Certaines personnes viennent « pour voir » et on ne les revoit plus forcément, sauf lors d’occasions particulières. Certaines autres se prennent au jeu et deviennent des « fidèles ». L’âge peut varier entre jeunes adultes et adultes plus matures, voire retraités. La moyenne d’âge pourrait-elle se situer vers 45 ans ? Je n’ai jamais auparavant envisagé ce calcul ! La grande majorité d’entre nous est française de langue française, et probablement même francilienne ! Quelques Japonais viennent parfois, mais c’est très rare. Certains « invités » à nos rencontres sont Belges, Québécois (pour la plupart), Japonais, rarement donc, jusqu’à présent, et il faut alors faire appel à quelque traducteur/trice, puisque très peu d’entre nous sont versés dans cette langue.

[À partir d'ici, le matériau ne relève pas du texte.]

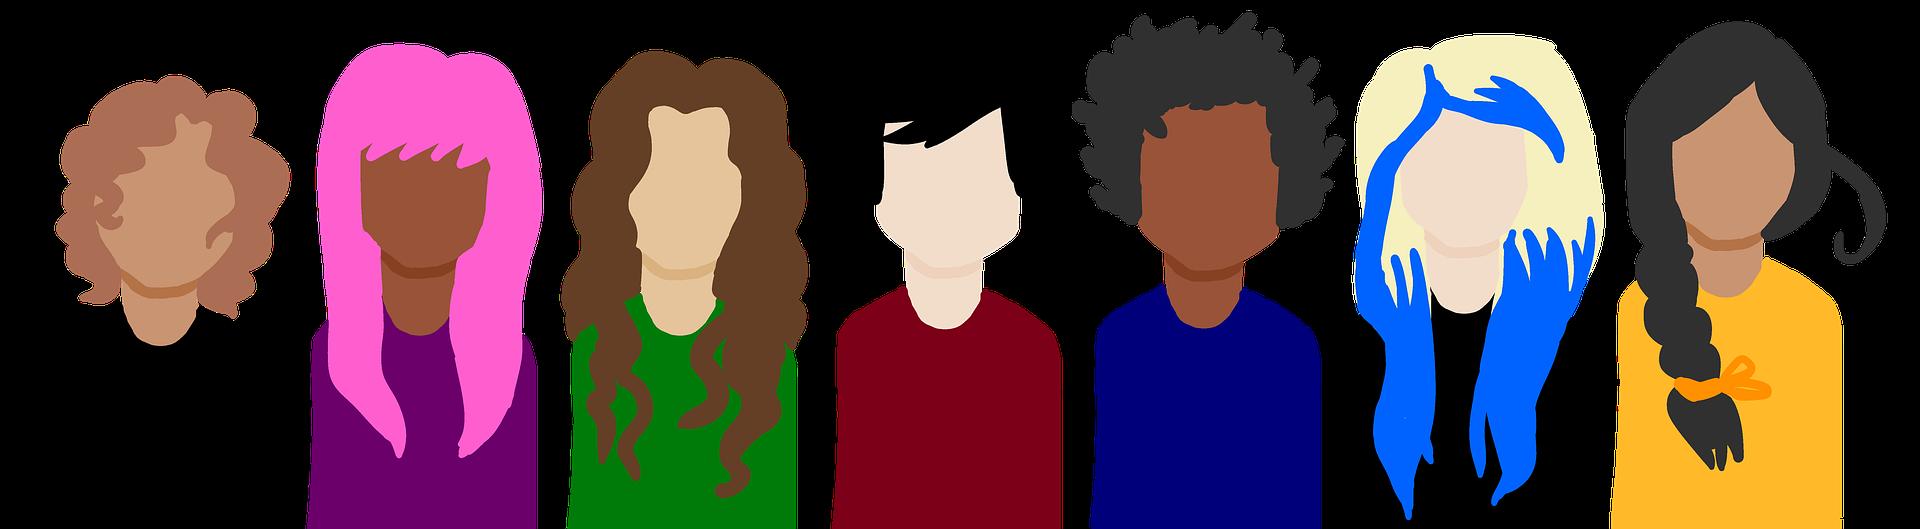 Nodisorder-avatar-team

La Pierre et le Sel : quel sens donnez-vous, s'il y a lieu, à la diversité des participants, leur assiduité, leur motivation et le large éventail générationnel qui les caractérise, alors que les rencontres poétiques réunissent beaucoup moins d'adeptes, par ailleurs ? Est-ce pour vous un phénomène de société et comment expliqueriez-vous cet engouement pour le haïku ? L'immédiateté et la brièveté de la forme des haïkus conviendraient-elles davantage à notre époque ? Parlez-vous entre membres de vos motivations ou du plaisir d'être là ? Contrairement à d'autres lieux de rencontre poétique, il semble régner chez vous une grande convivialité et une absence totale de rivalité, comment l'expliquez-vous ?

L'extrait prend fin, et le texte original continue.